_EXERCISE AIM_.
Repeat the listing verbatim. Drop any pictures.

_DATA_.
-----
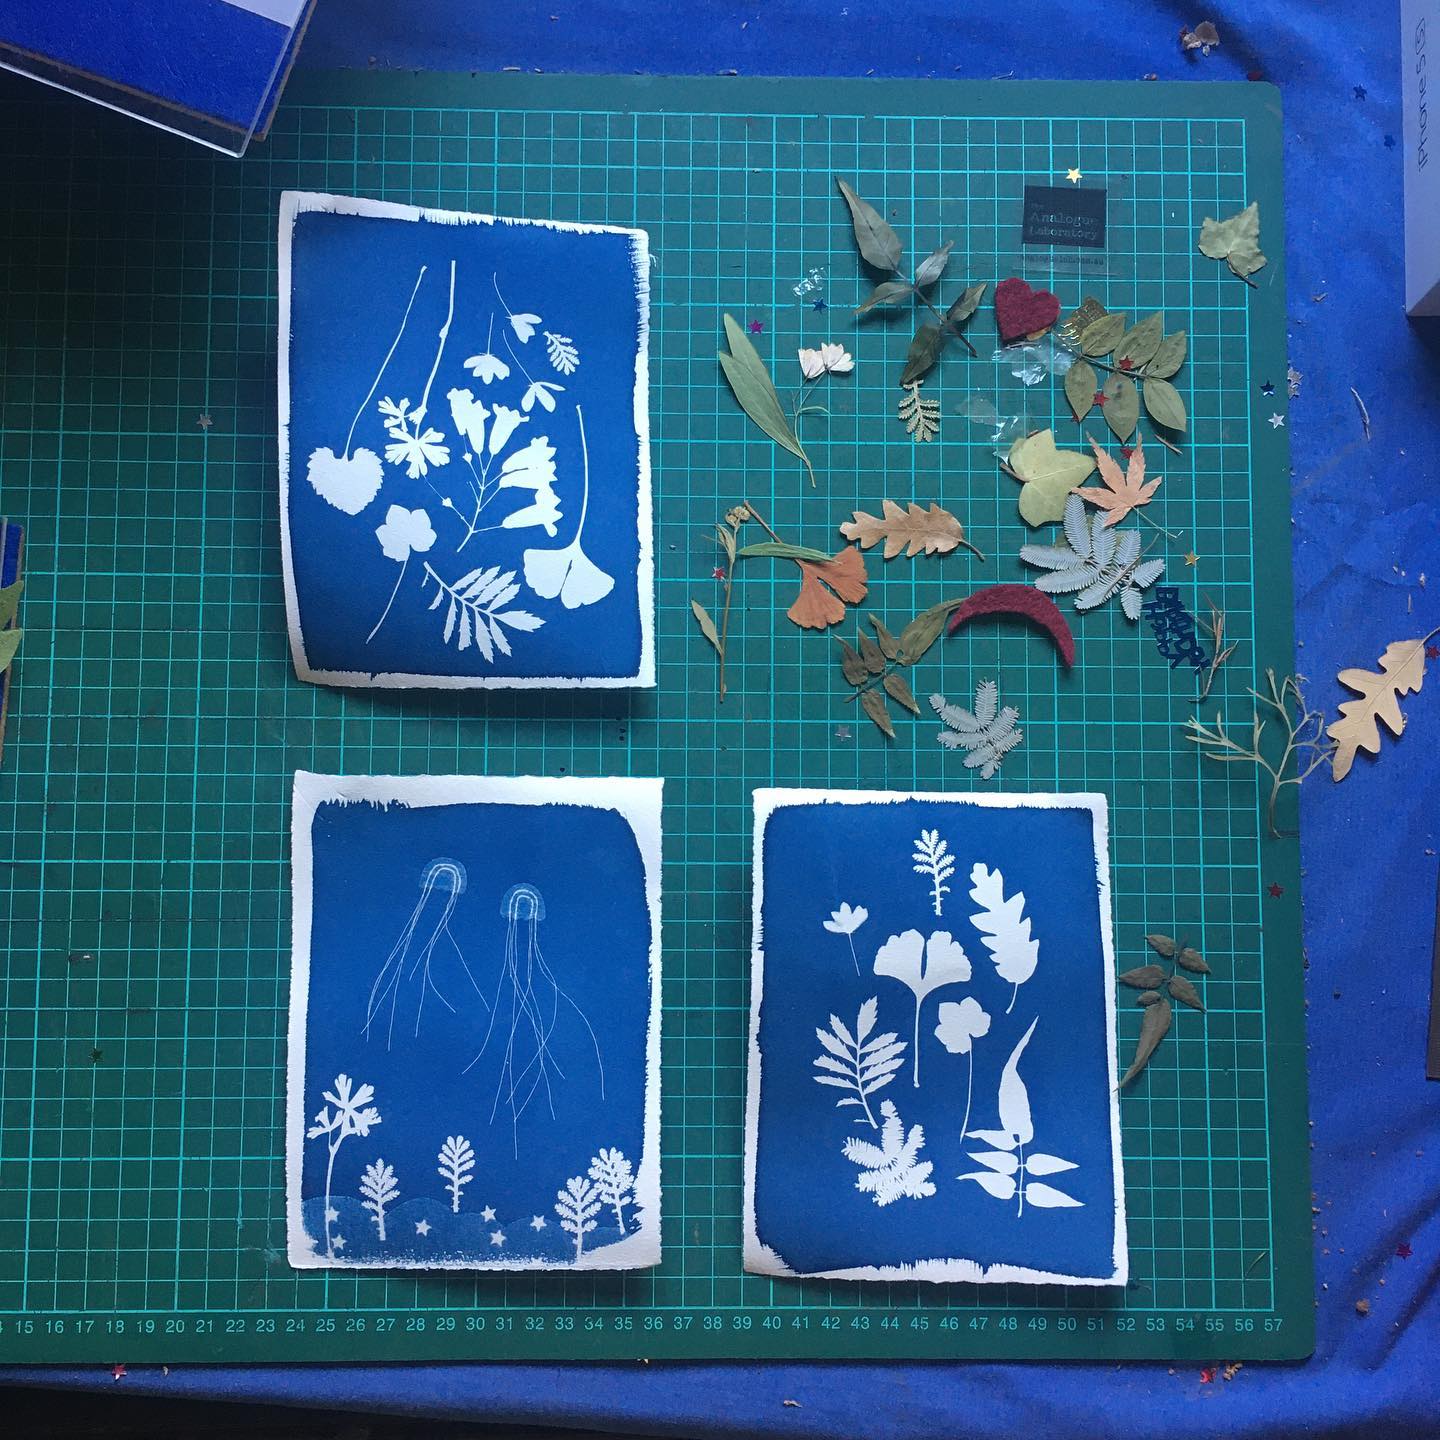 Another perfect day for cyanotypes 💙 Ideal projects for mailing to all your dear friends, all over the world. There’s nothing quite like a happy surprise in the mail 💌
.
.
#chinup #allinthistogether #cyanotype #makeathing #photogram #kidfriendlyprojects
-----
_TASK OUTPUT_.
 Another perfect day for cyanotypes 💙 Ideal projects for mailing to all your dear friends, all over the world. There’s nothing quite like a happy surprise in the mail 💌
.
.
#chinup #allinthistogether #cyanotype #makeathing #photogram #kidfriendlyprojects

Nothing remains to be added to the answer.